L’altro restò in silenzio, osservando con apparente impassibilità quel pezzo di stoffa che aveva ricevuto. Poi, a bassa voce, le disse: «Nemmeno tu hai meritato di ritrovarlo in quel modo. Questo guanto, purtroppo, è tutto ciò che resta di lui...»

... ritrovarlo?

«Ma posso garantirti che fino alla fine ha creduto in ciascuno di noi.»

... creduto in noi?

«Nonostante fosse sul punto di morire, non ha mai smesso di svolgere il suo lavoro. Si è aggrappato alla vita come mai aveva fatto, e avrebbe voluto continuare ad aiutarci consegnando l’ossigeno...»

... aiutarci?

«DA4901» dichiarò il comandante, e le restituì il guanto bruciato. «So che ci tenevi a conoscere il suo nome, e so anche che ci tenevi a ringraziarlo per le parole che ti ha detto per risollevarti.

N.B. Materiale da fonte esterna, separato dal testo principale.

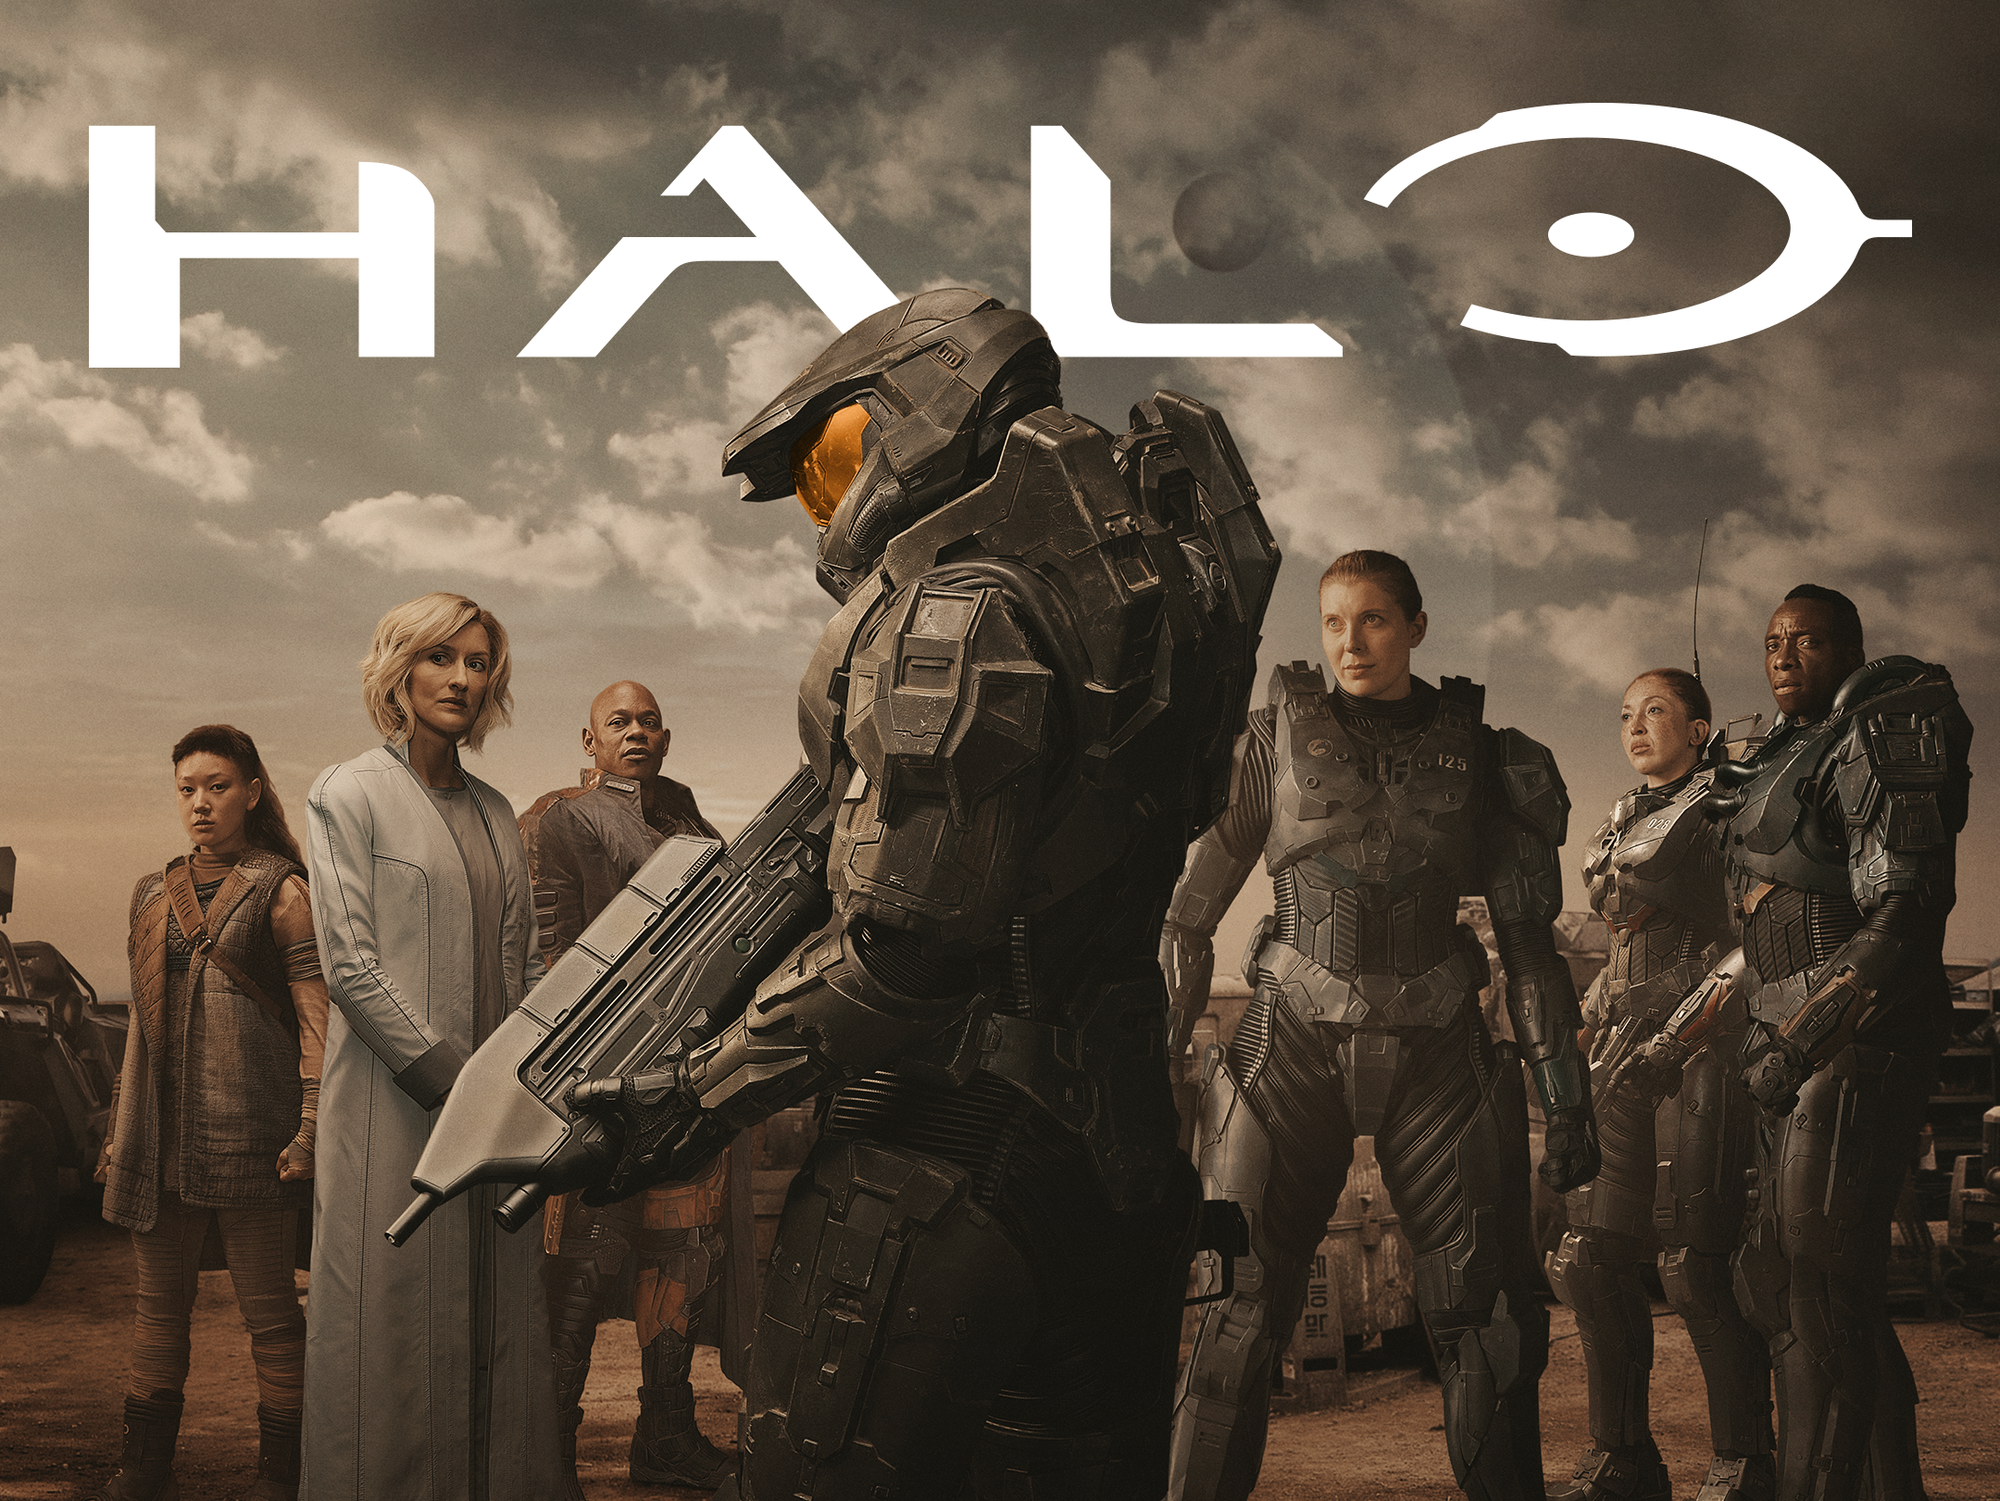 A promotional poster for Halo Season 1 shows Pablo Schreiber as Master Chief in uniform holding an MA5C assault rifle and surrounded by fellow cast members.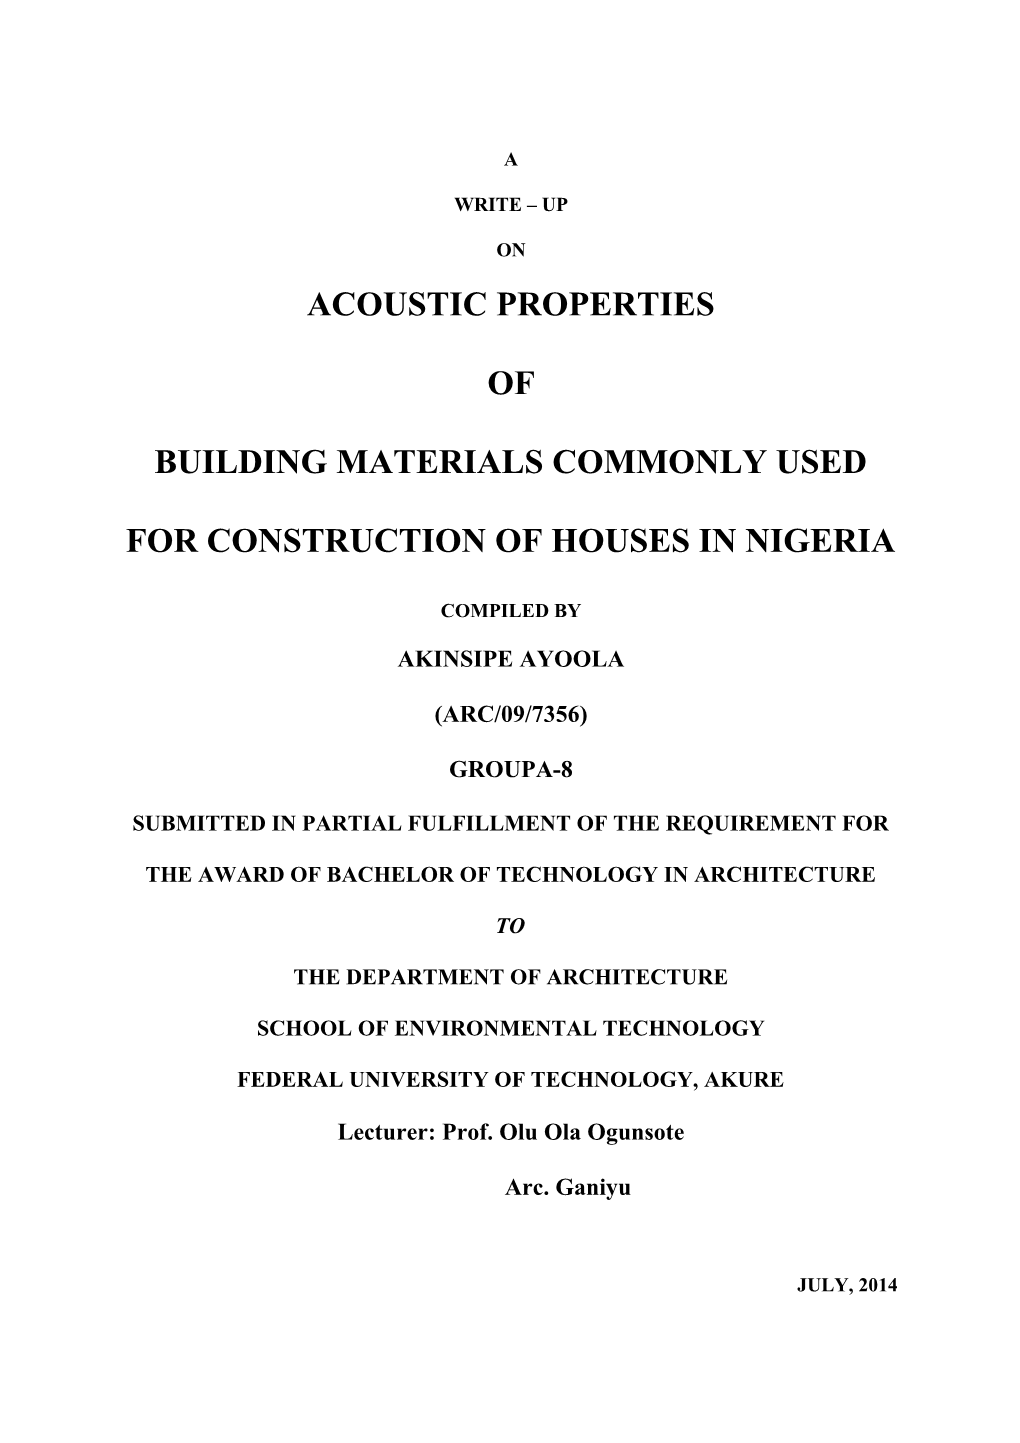 Building Materials Commonly Used for Construction of Houses in Nigeria

Non potrai più farlo... ma sei molto più forte di quel che pensi: riuscirai a superare anche questo difficile momento e così ad andare avanti.»

No, non può essere... non può essere lui... non a lui!

La guerriera strinse il guanto nel palmo della sua mano che iniziò a tremare. Sentimenti di rancore e di rimpianto stavano crescendo sempre più in lei, ma la giovane li nascose abbozzando un sorriso verso il comandante.

«La ringrazio» mormorò, prima di congedarsi da lui. «Torno subito al mio lavoro, e le chiedo scusa per il tempo che le ho sottratto.»

 

 

 

Alle spalle della leucocita si chiusero le porte d’ingresso del cervello. Man mano che si allontanava da quel luogo, la giovane guerriera venne di nuovo risucchiata in quell’apocalittico panorama di morte e distruzione.

J-1178 continuò a camminare tra le macerie, lanciando una fugace occhiata a tutto ciò che si svolgeva intorno a lei. Scene che sembravano ripetersi ad ogni angolo che svoltava, in ogni strada che attraversava, con feriti che provavano a rialzarsi e a ricominciare. Quell’ultima parola, ricominciare, le sembrava così distante in quel momento: il comandante le aveva appena detto che lei sarebbe riuscita ad andare avanti nonostante tutto perché era abbastanza forte... ma come avrebbe fatto senza di lui? Anche quell’eritrocita sembrava essere molto determinato e risoluto; tuttavia la sua forza non era stata abbastanza per salvarlo da una fine atroce.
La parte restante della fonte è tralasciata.